──────── Exercise data
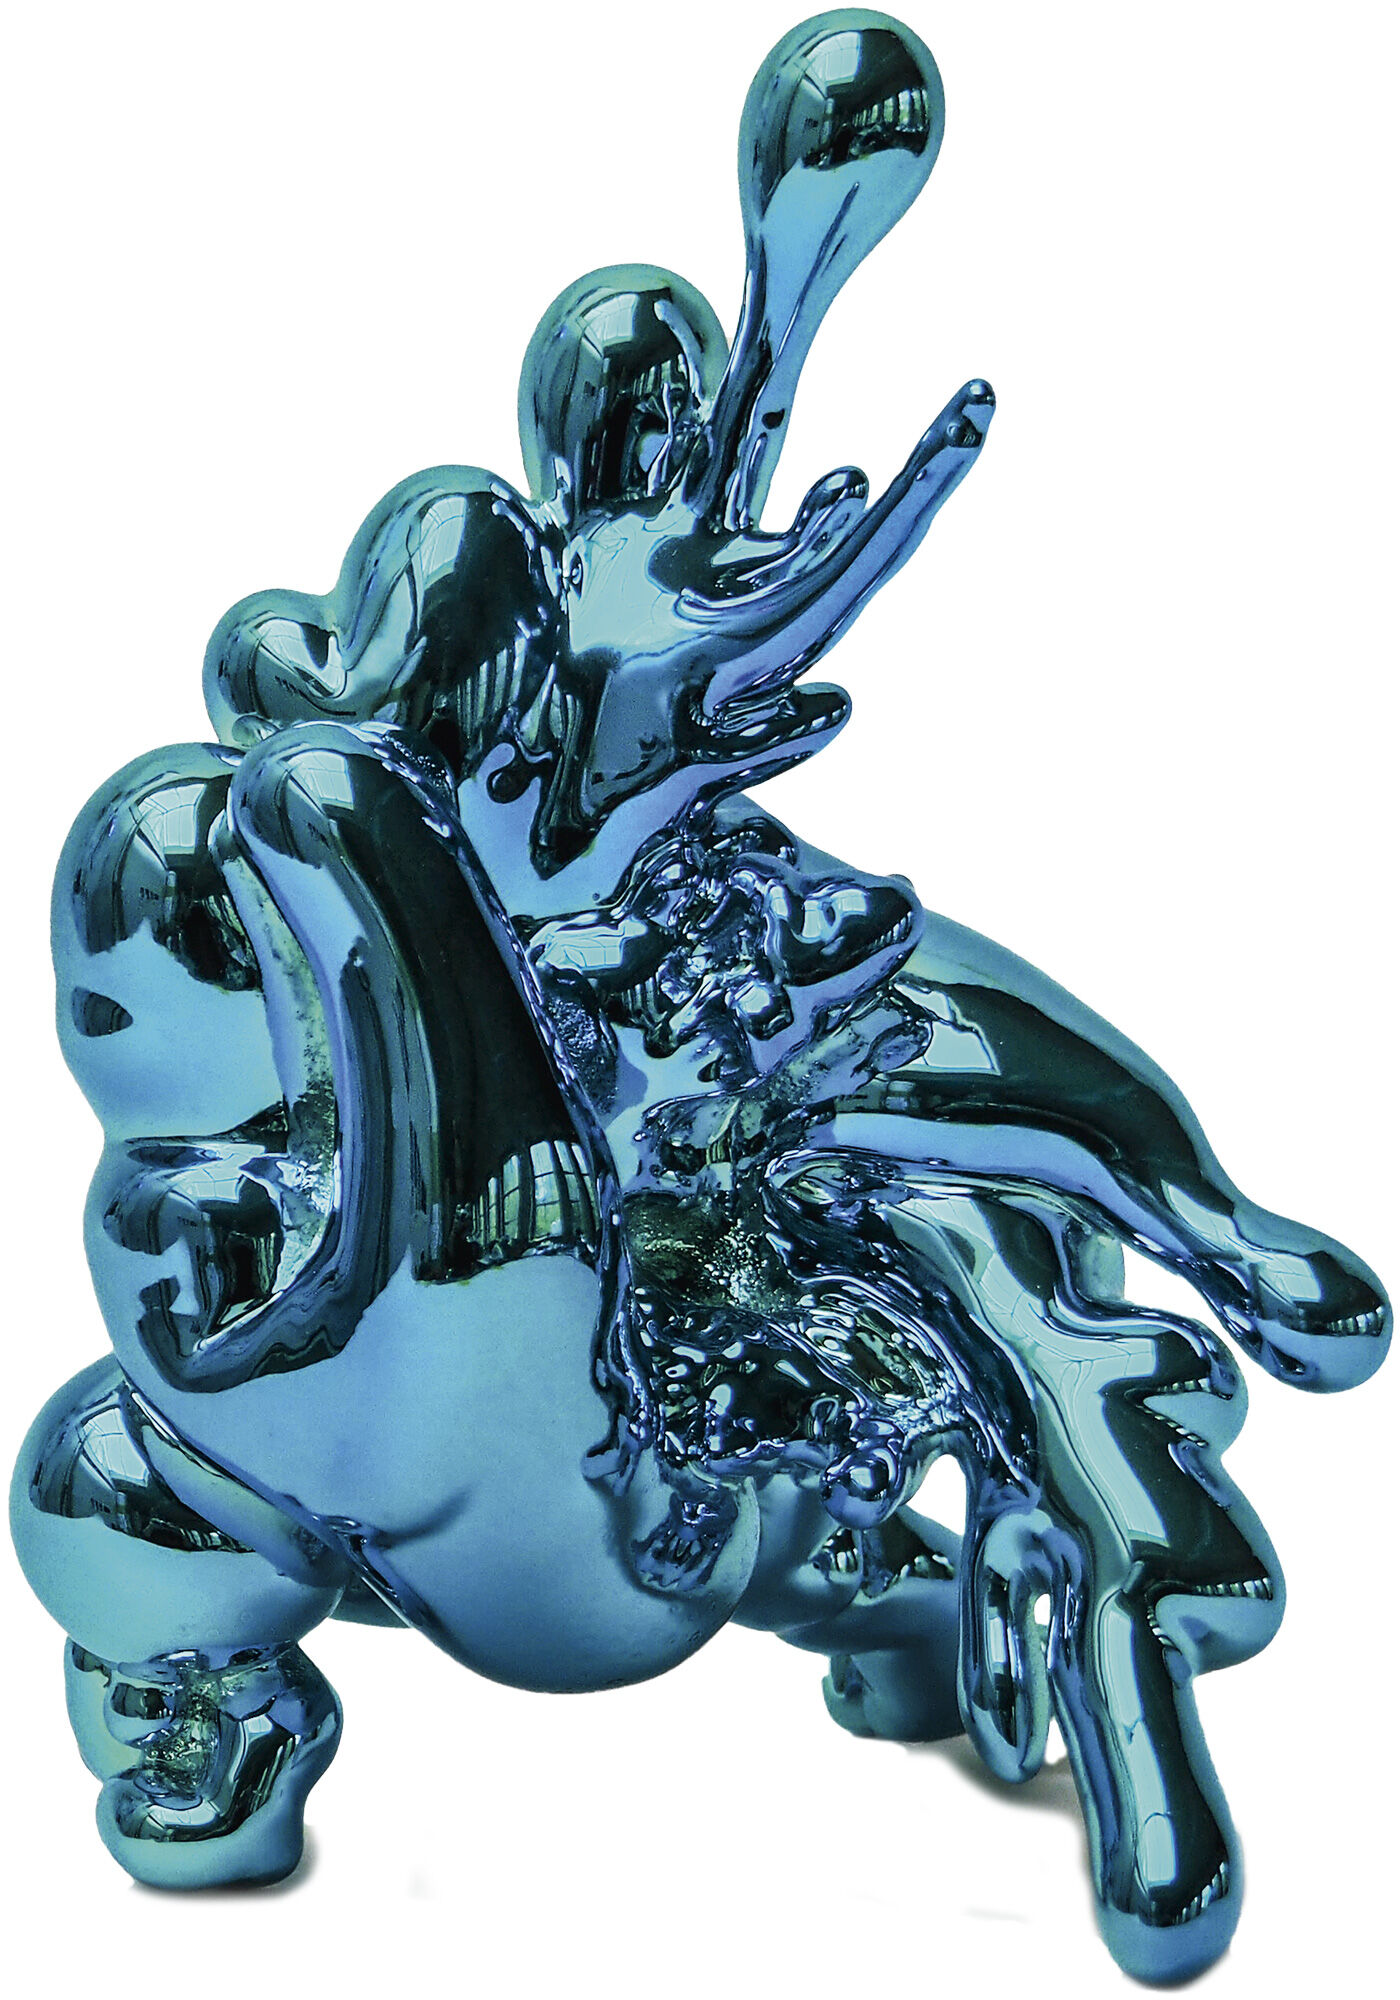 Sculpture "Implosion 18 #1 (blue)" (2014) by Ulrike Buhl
────────────────
──────── Exercise data
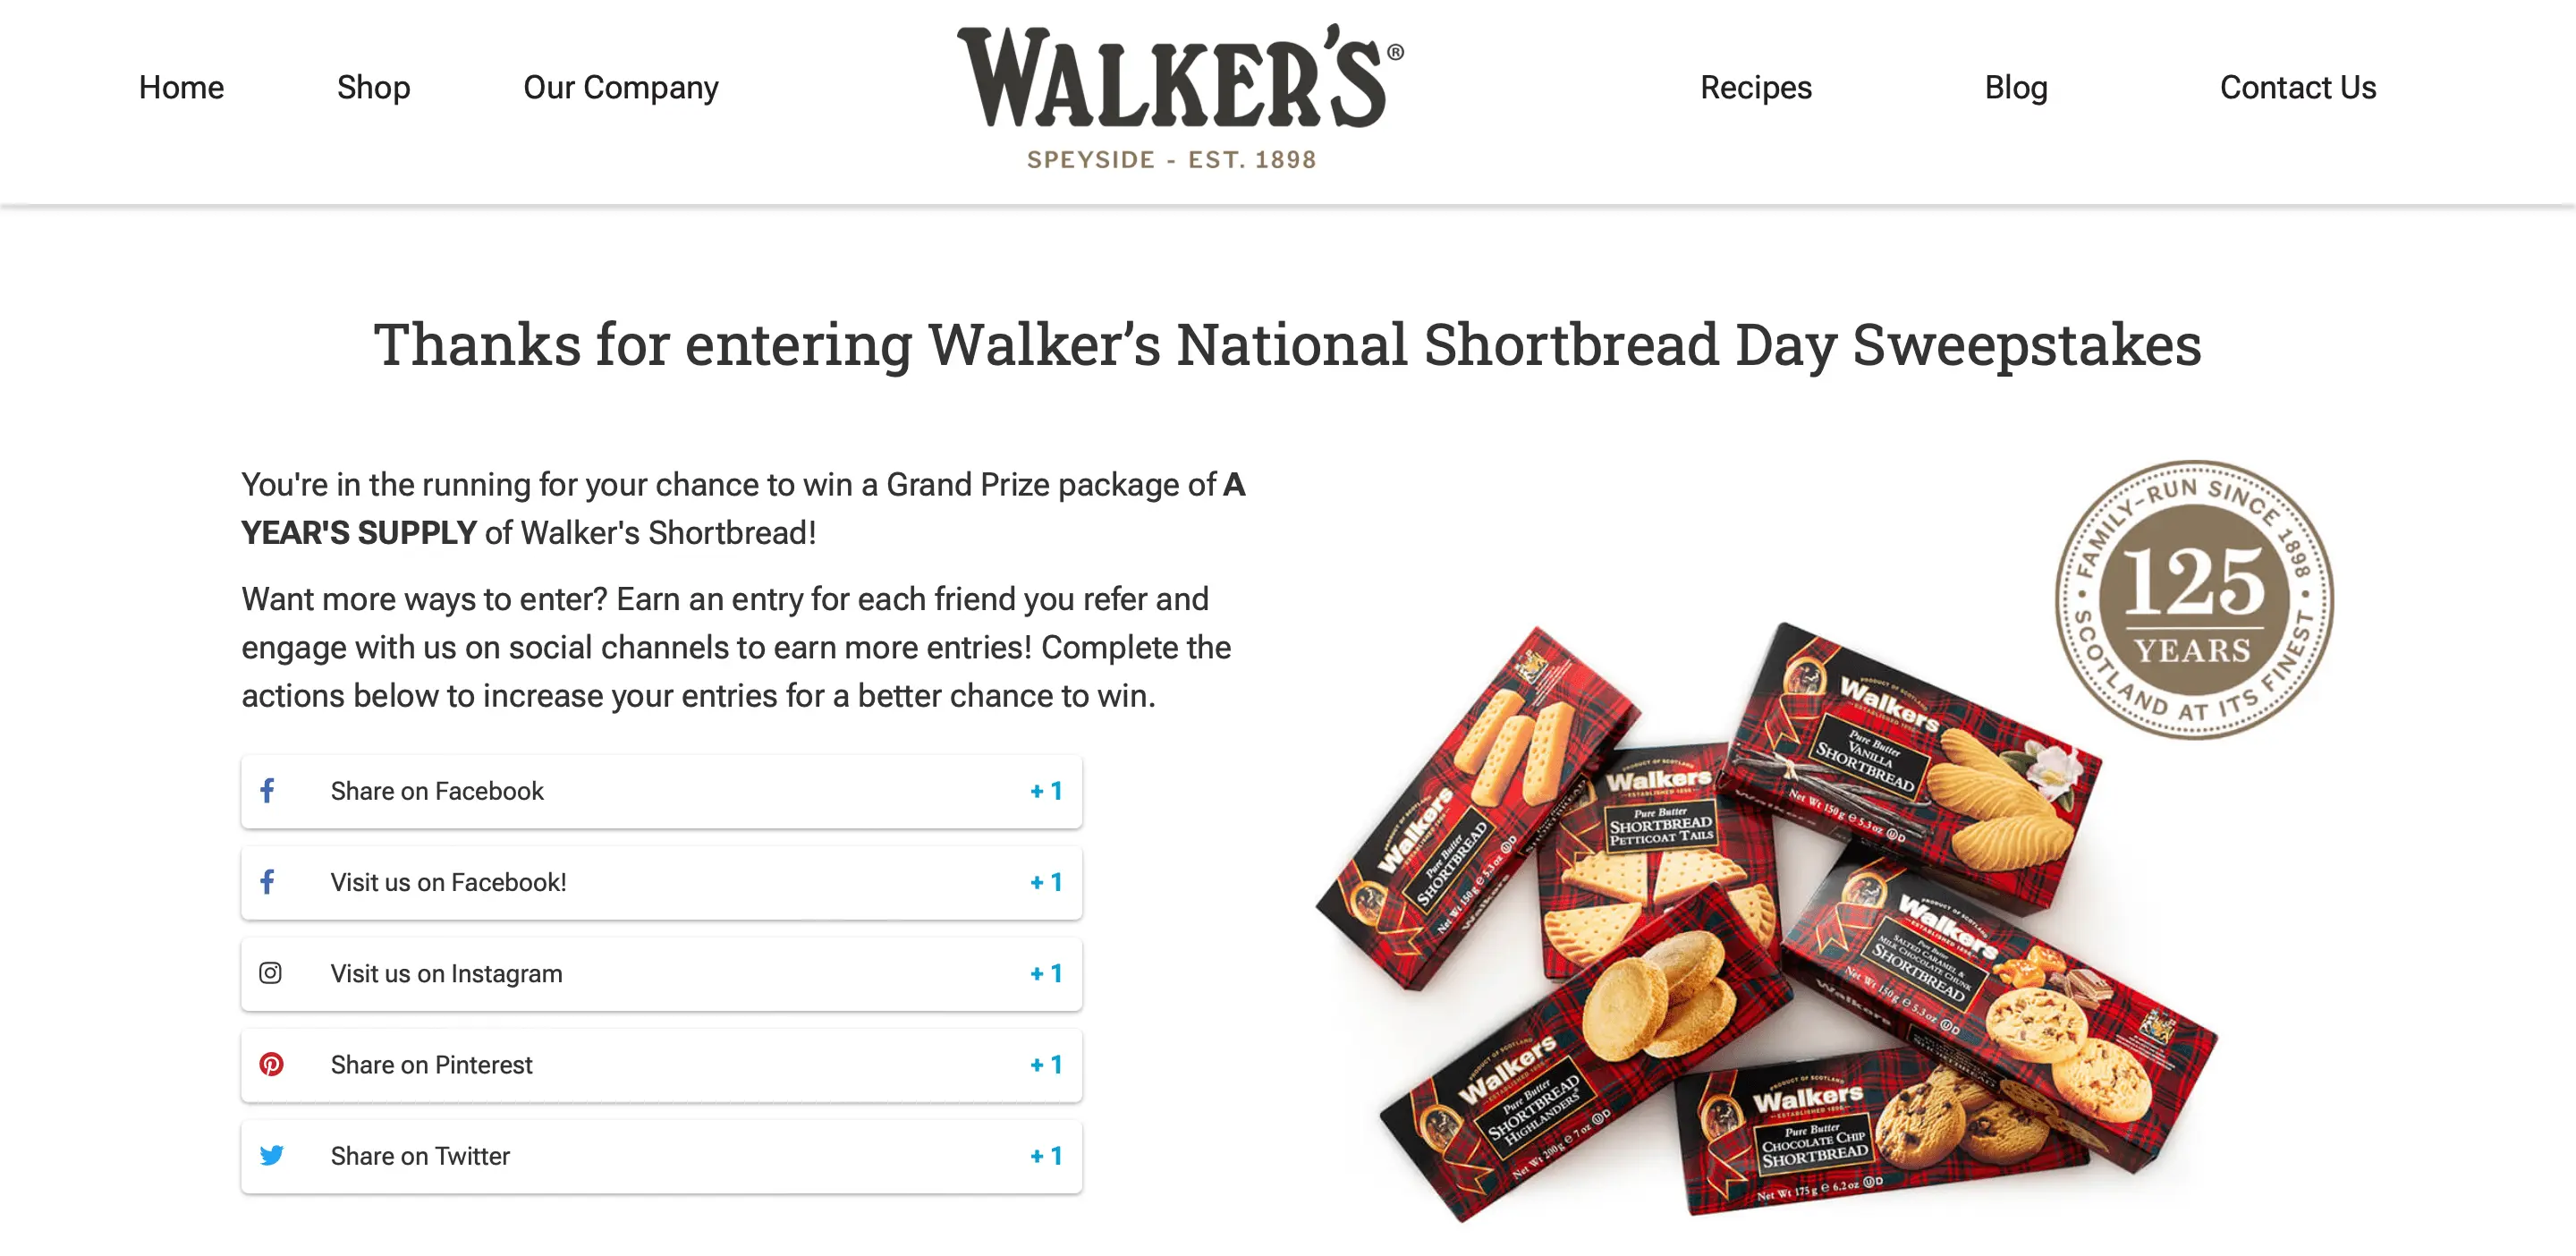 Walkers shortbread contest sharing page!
────────────────
──────── Exercise data
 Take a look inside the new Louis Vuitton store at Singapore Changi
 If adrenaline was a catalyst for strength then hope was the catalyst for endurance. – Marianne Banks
────────────────
The required answer is the exact run of lines above starting at the line with "Take a look" and ending at the line with "If adrenaline was", with both ends present.

> **Solution to this exercise**
 Take a look inside the new Louis Vuitton store at Singapore Changi
 If adrenaline was a catalyst for strength then hope was the catalyst for endurance. – Marianne Banks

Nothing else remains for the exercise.